Google rankings used to be the game. Now there’s a second game running in parallel — and most brands aren’t playing it.
When someone asks Claude “what’s the best project management tool for marketing agencies” or “who are the top SEO consultants in the US,” Claude gives an answer. It doesn’t show ten blue links. It names names. And if your brand isn’t one of them, you don’t exist in that answer.
This is the new visibility problem. It doesn’t replace SEO. But it runs alongside it, and the factors that determine who gets mentioned in AI responses are different from the factors that determine who ranks on page one.
Here’s what actually influences AI brand mentions — and what you can do about it.
Why AI Mentions Are Different from Search Rankings
Search engines surface pages. AI assistants synthesize information into answers. That distinction matters for how you think about getting found.
Google ranks your page based on signals like backlinks, on-page optimization, and user engagement. Claude, ChatGPT, Perplexity, and other LLMs don’t “rank” pages — they were trained on large corpora of text and learned to associate certain brands, products, and concepts with certain categories based on how frequently and authoritatively those associations appeared in the training data.
When Claude recommends a tool, it’s not doing a live search. It’s drawing on patterns from its training. That means the game is partly about what exists in the world of text — articles, reviews, comparisons, forum discussions, press coverage — that created strong, clear associations between your brand and the category you want to be known for.
The second factor is retrieval: many AI tools now have web access or use retrieval-augmented generation (RAG) to pull in live content when answering. For those systems, current on-page content matters more than training data alone.
Effective LLM visibility strategy has to address both.
The 6 Factors That Drive AI Brand Mentions
1. Clear, Consistent Category Ownership
LLMs learn category associations. If your brand is consistently described — across your own site, third-party reviews, press coverage, and comparison content — as the leading tool for a specific use case, that association gets reinforced in training data.
Vague positioning works against you here. “The all-in-one marketing platform” tells an AI nothing specific. “The project management tool built for marketing agencies managing more than 10 clients” gives it a clear slot to put you in.
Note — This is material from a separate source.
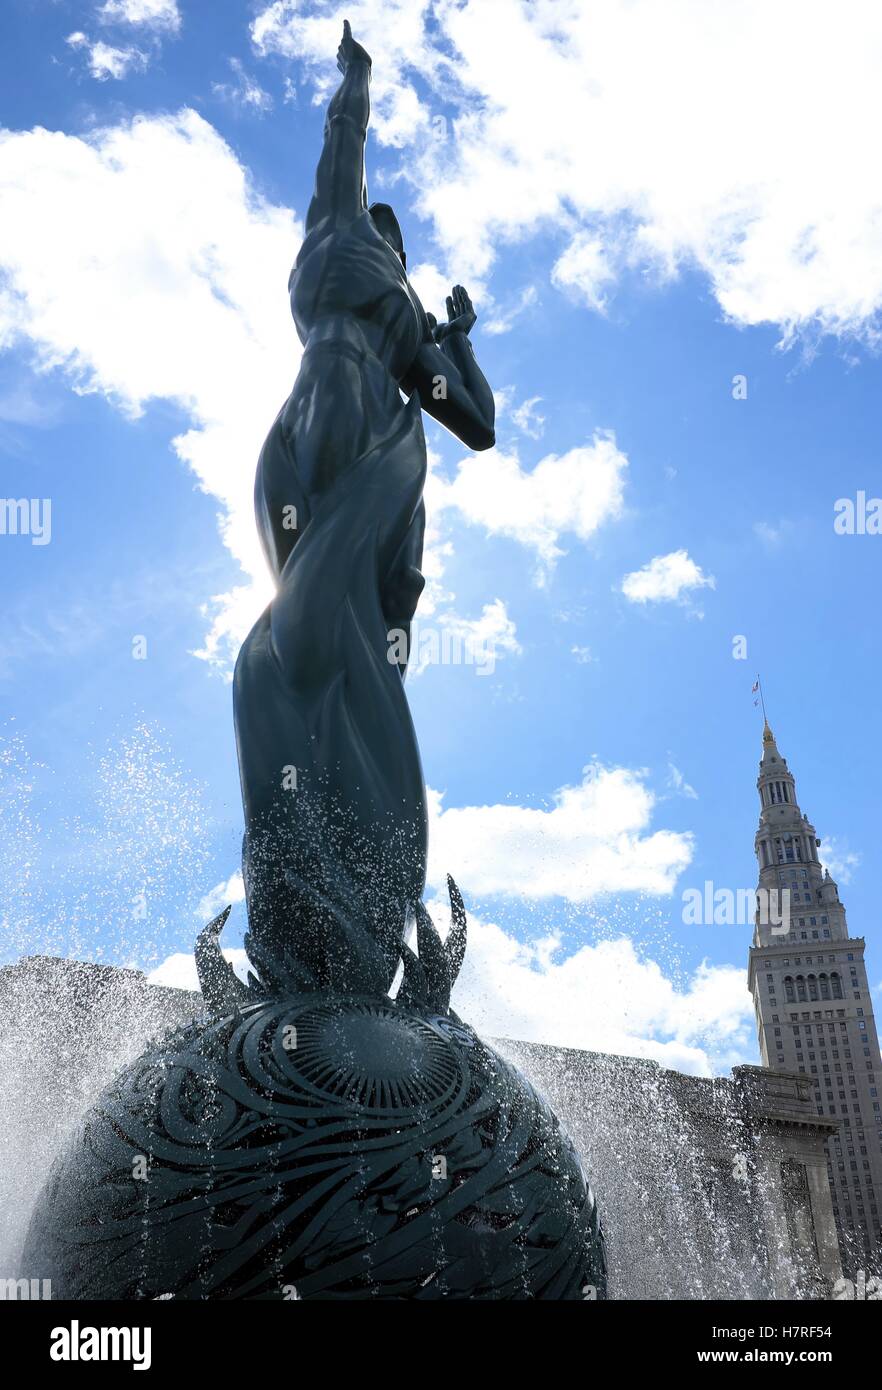 La Fontana della vita eterna, conosciuta anche come la Fontana del Memoriale di guerra, di Marshall Fredericks è stata un punto di riferimento di Cleveland, Ohio dal 1964 Foto Stock

What to do: Audit your homepage, about page, and product descriptions. Make sure your primary category and use case are stated explicitly and consistently — not just once, but in multiple places and formulations. The more times the same association appears, the stronger the pattern.
2. Third-Party Mentions on High-Authority Sources
LLMs were trained disproportionately on high-authority sources: major publications, established industry blogs, Wikipedia, G2, Capterra, Product Hunt, Hacker News, Reddit. A mention in a TechCrunch article carries more weight than a mention on a domain-5 review site.
This is where digital PR and link-building intersect with LLM visibility. The same coverage that earns you backlinks also contributes to your AI footprint — but the quality and authority of the source matters more than the volume.
What to do: Prioritize getting your brand mentioned in the publications and platforms AI models are most likely to have been trained on heavily. Industry-specific publications, major comparison sites (G2, Capterra, Trustpilot), high-DA editorial coverage. A placement in a “best tools for X” roundup on a reputable site does double duty: SEO value and LLM training signal.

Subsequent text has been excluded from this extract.